Основной институциональной системой бытования искусства и школой мастерства оставалась Императорская Академия художеств. Ее подчинение с 1829 года министерству императорского двора и личное участие царя в функционировании Академии придало всей современной художественной деятельности государственный характер и резко повысило общественный статус художников. Художественные школы, появившиеся в России к концу 1830-х годов, фактически не пошатнули монополии Академии, хотя самым сильным потенциалом обладала школа, возникшая в Москве (Рисовальный класс при МХО, с 1843 – МУЖВ). Придворная и государственная служба сохраняли свою значимость и привлекательность, организуя художественные силы и предлагая наиболее масштабное поле деятельности. В частности, крупнейшим культурным мероприятием в 1840-е годы стало художественное оформление Исаакиевского собора. Академическая карьера давала медали и пенсионерские поездки, чины и награды, узаконенные Уставами ИАХ в предыдущий период и достаточно щедро раздаваемые в царствование Николая I. Судьбы В.К. Шебуева, П.В. Басина, А.Т. Маркова, Ф.А. Бруни, Ф.И. Иордана, Н.С. Пименова и других всецело были связаны с Академией художеств. Имел возможность осуществить блестящую академическую карьеру и К.П. Брюллов. Академия художеств удерживала в поле своего влияния большую часть художественного сообщества. Показательна для своего времени фигура П.В. Басина. Закрепившись в жизни в социально-профессиональном статусе, он обозначил один из возможных путей самоопределения художника. С одной стороны, это ограничило его творческое развитие, но с другой – приобщило к масштабным и ответственным культурным предприятиям эпохи, к делу сохранения традиций и метода.
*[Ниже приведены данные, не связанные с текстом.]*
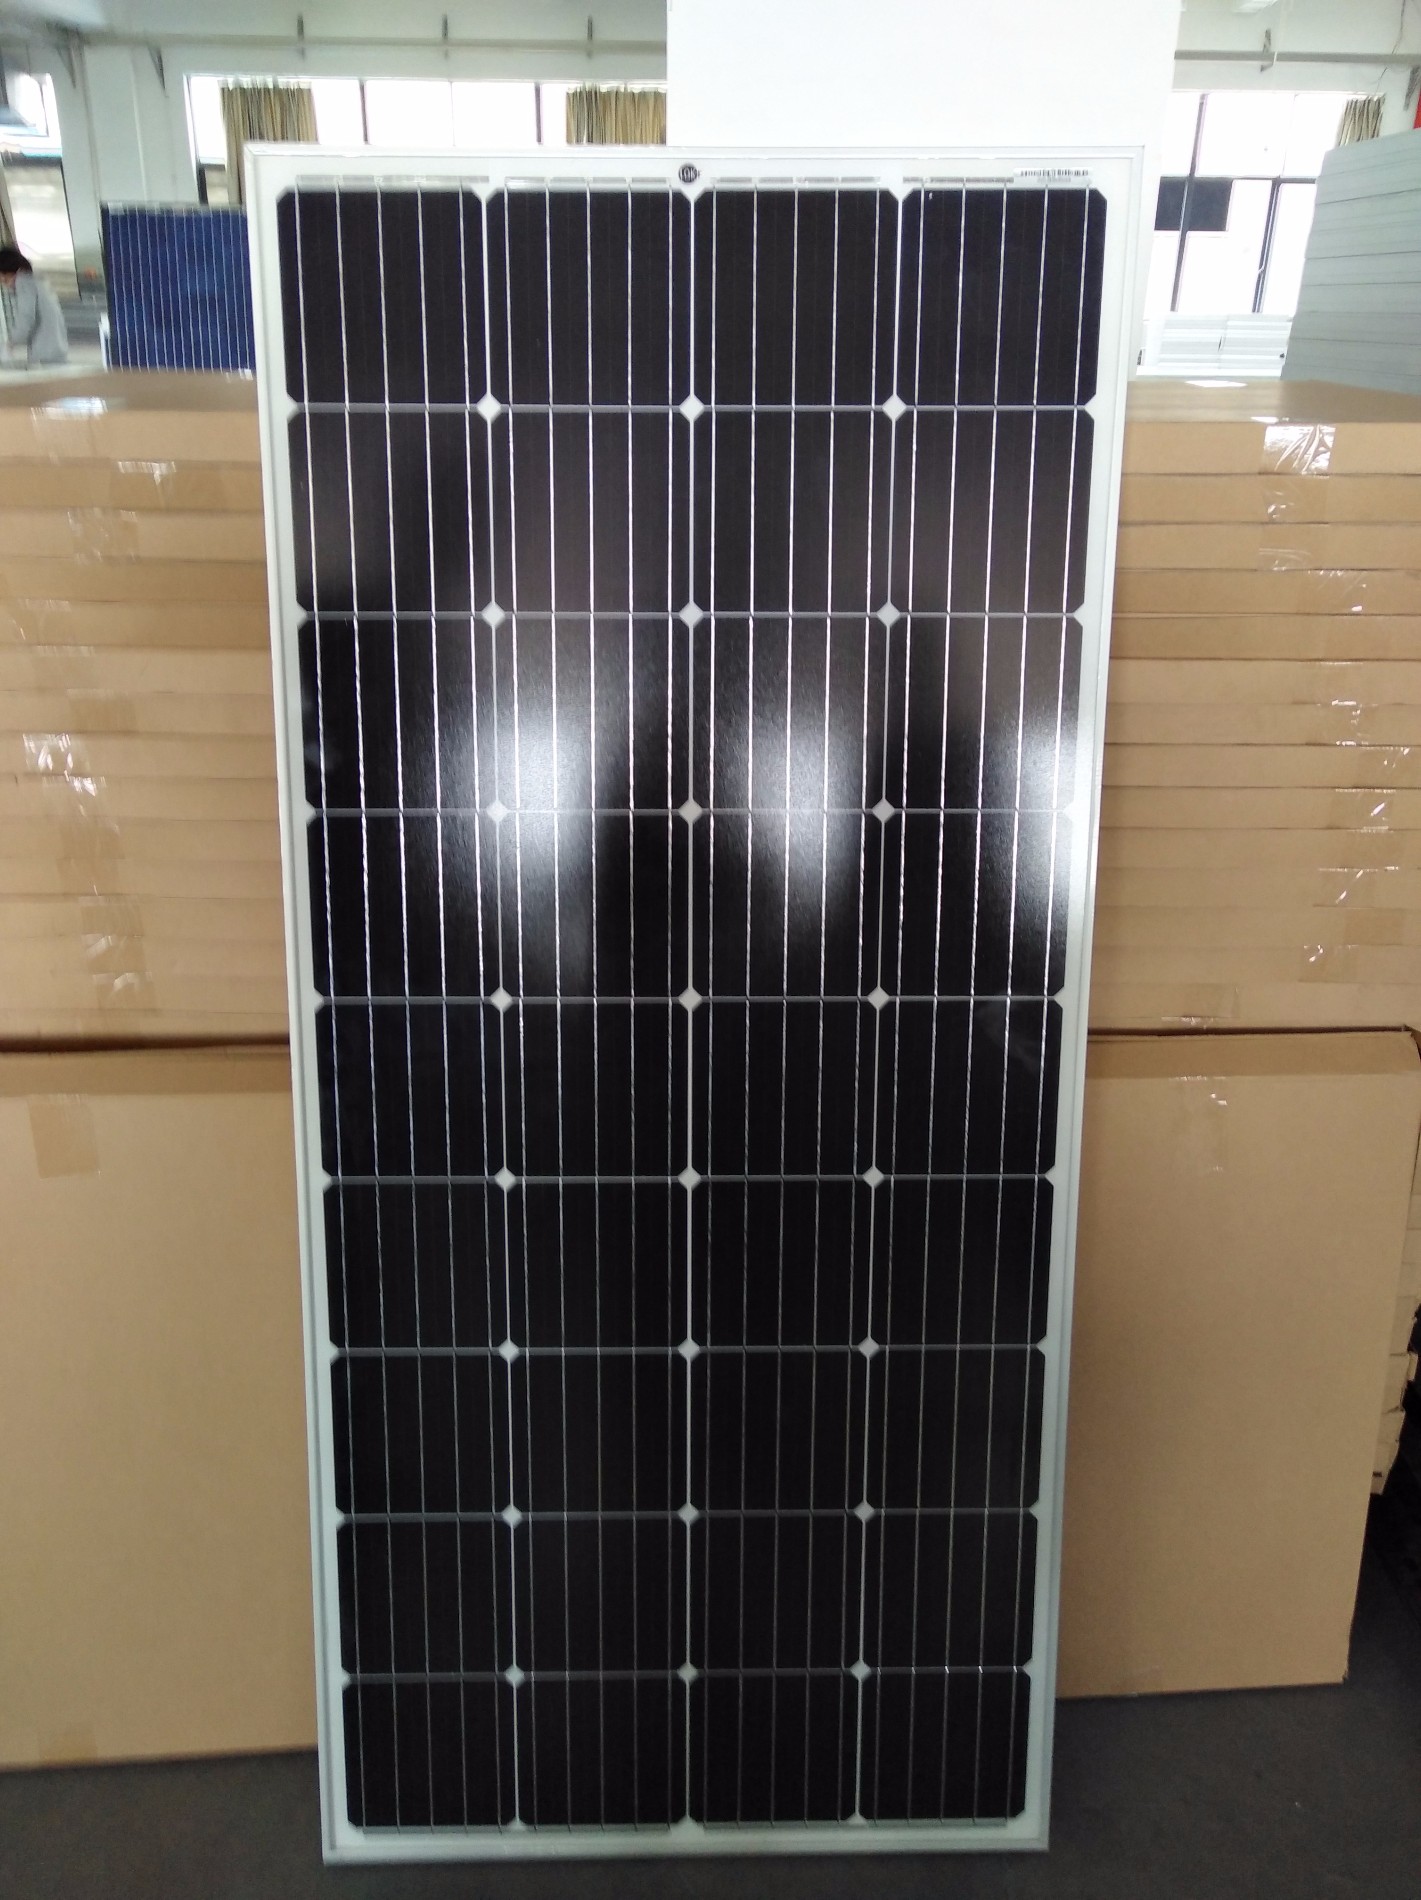 Jual Single Solar Photovoltaic Panel 150W, Beli Solar Cell dan Panel Merk

В сфере покровительства искусствам по-прежнему преобладал государственный патронаж. Правительственную поддержку от императора получали П.А. Федотов, П.А. Каратыгин, Н.В. Гоголь, А.Г. Венецианов. Академическими званиями были отмечены В.А. Тропинин, А.Г. Венецианов, П.А. Федотов, не получившие полноценного академического образования или не учившиеся в Академии вовсе. Покровительство, оказываемое частными лицами, было менее весомым вкладом в поддержку отечественного искусства. Практически отсутствовали и формы самоорганизации художников, в том числе – с целью взаимопомощи.
Заметно расширялся круг профессиональных художников, тех, кто образовывал обширный слой живописцев «второго ряда». Второго – по сравнению с крупными мастерами-современниками, но занимавшими отнюдь не второстепенные места вне столичных центров или внутри своего профессионального сообщества. Показательна для этого времени судьба малоизвестного художника М.И. Мягкого, нашедшего свое место в качестве учителя рисования на Колывано-Воскресенских горных заводах. Связав свою судьбу с Алтайским краем, он стал заметным представителем местной культурной среды, влившись в обширный слой провинциальной русской интеллигенции, которая создавала местные очаги культуры.
Во второй трети XIX века значительно увеличилось число отправляемых за границу пенсионеров – по линии ИАХ и ОПХ. С 1840 года была официально учреждена должность начальника над русскими художниками в Риме (до этого времени контролирующую роль исполнял русский посланник), ликвидированная в связи с революционными событиями 1848–1849 годов. Русские художники, приезжая в Вечный город, оказывались частью космополитического сообщества, ориентированного не на «авангардные» веяния французской изобразительной культуры, а на интерпретацию античной и христианской тематики. В творчестве не только трех крупнейших мастеров эпохи – К.П. Брюллова, Ф.А. Бруни, А.А. Иванова, но и целого ряда живописцев этого времени пенсионерство оказалось существенным этапом индивидуального развития, «погружение в Италию» принесло весьма разнообразные плоды.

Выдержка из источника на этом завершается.